Kein „Ende der Geschichte“

In seinem Lexikon-Artikel „Totalitarian and Authoritarian Regimes“ vom Jahre 1975 schrieb der spanisch-amerikanische Politologe Juan J. Linz, dass pluralistisch verfasste, demokratische Staaten eine ähnliche Ausnahme in der Vielfalt der politischen Systeme darstellten wie totalitäre Regime. Die am meisten verbreitete Regierungsform auf dem gesamten Globus seien autoritäre Regime unterschiedlichster Art. Ihnen werde auch die unmittelbare Zukunft gehören. Einige Jahre nach dieser Feststellung begann der Siegeszug der Demokratien, und zwar in einem weltweiten Ausmaß. Autoritäre bzw. posttotalitäre Regime in Osteuropa, in Lateinamerika und in Südafrika brachen wie Kartenhäuser zusammen.

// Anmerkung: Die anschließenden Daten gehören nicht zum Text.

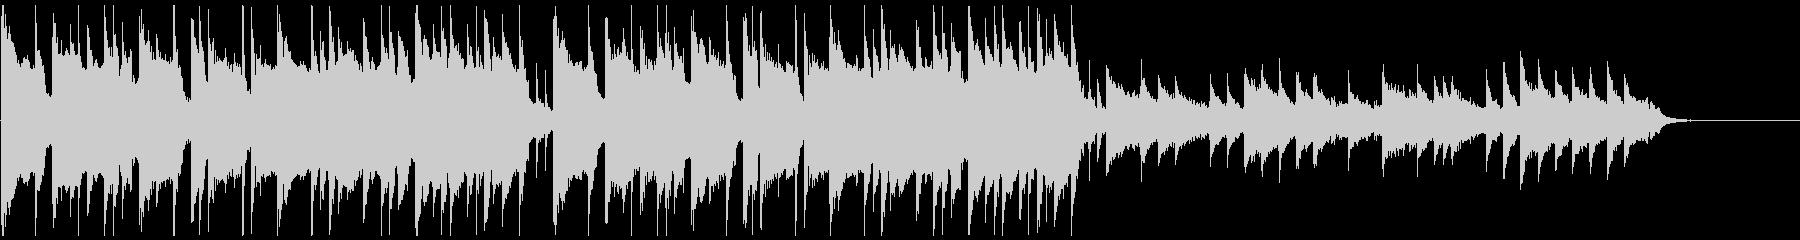 ピアノメインの和風ダークトラップビートの未再生の波形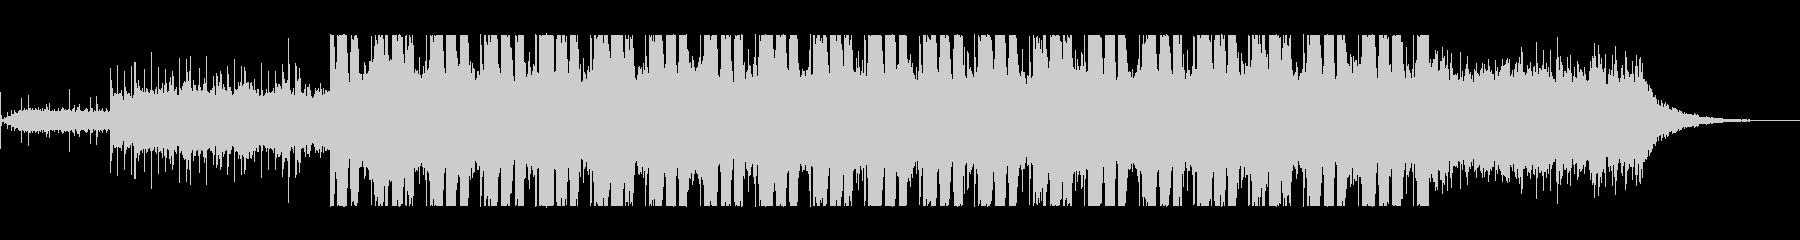 まろやかでマイナ―なシンセサウンドの未再生の波形

Als Juan Linz die oben erwähnte These aufstellte, bildeten die pluralistisch verfassten Gesellschaften noch Inseln im „Meer“ von Diktaturen unterschiedlichster Prägung. Im ausgehenden 20. Jahrhundert begann sich das Kräfteverhältnis aber eindeutig zugunsten der „offenen Gesellschaften“ zu wandeln. Dieser Triumph des demokratischen Gedankens währte bekanntlich nur kurz. Die euphorische Stimmung, die der Zusammenbruch der Diktaturen überall ausgelöst hatte, ist aufgrund der schwierigen Transformationsprozesse schnell verflogen. Die zur Zeit der „Wende“ aufgekommenen Erwartungen konnten sich nur zum Teil erfüllen. In vielen Transformationsländern fand eine autoritäre Wende statt, die mit einer weitgehenden Demontage der bereits entwickelten zivilgesellschaftlichen und rechtsstaatlichen Strukturen verbunden war. Aber auch die etablierten bzw. konsolidierten Demokratien haben sich vom Triumphalismus des Wendejahrs 1989, der sich damals besonders deutlich in der Abhandlung Francis Fukuyamas „Das Ende der Geschichte“ äußerte, verabschiedet. Die Terrorakte vom 11. September 2001 trugen dazu wesentlich bei. Danach kam 2014 die Putinsche Annexion der Krim, die die „offenen Gesellschaften“ in Ost und West zusätzlich in einer außerordentlichen Weise herausforderte. Dies war die Konstellation, in welcher der „ZEIT“-Redakteur Bernd Ulrich folgende These aufstellte: „So schwach wie heute war (der Westen) noch nie. Was überraschend ist, wenn man bedenkt, dass der vermeintliche Höhepunkt westlicher Macht gerade mal ein Vierteljahrhundert zurückliegt“ (Ulrich…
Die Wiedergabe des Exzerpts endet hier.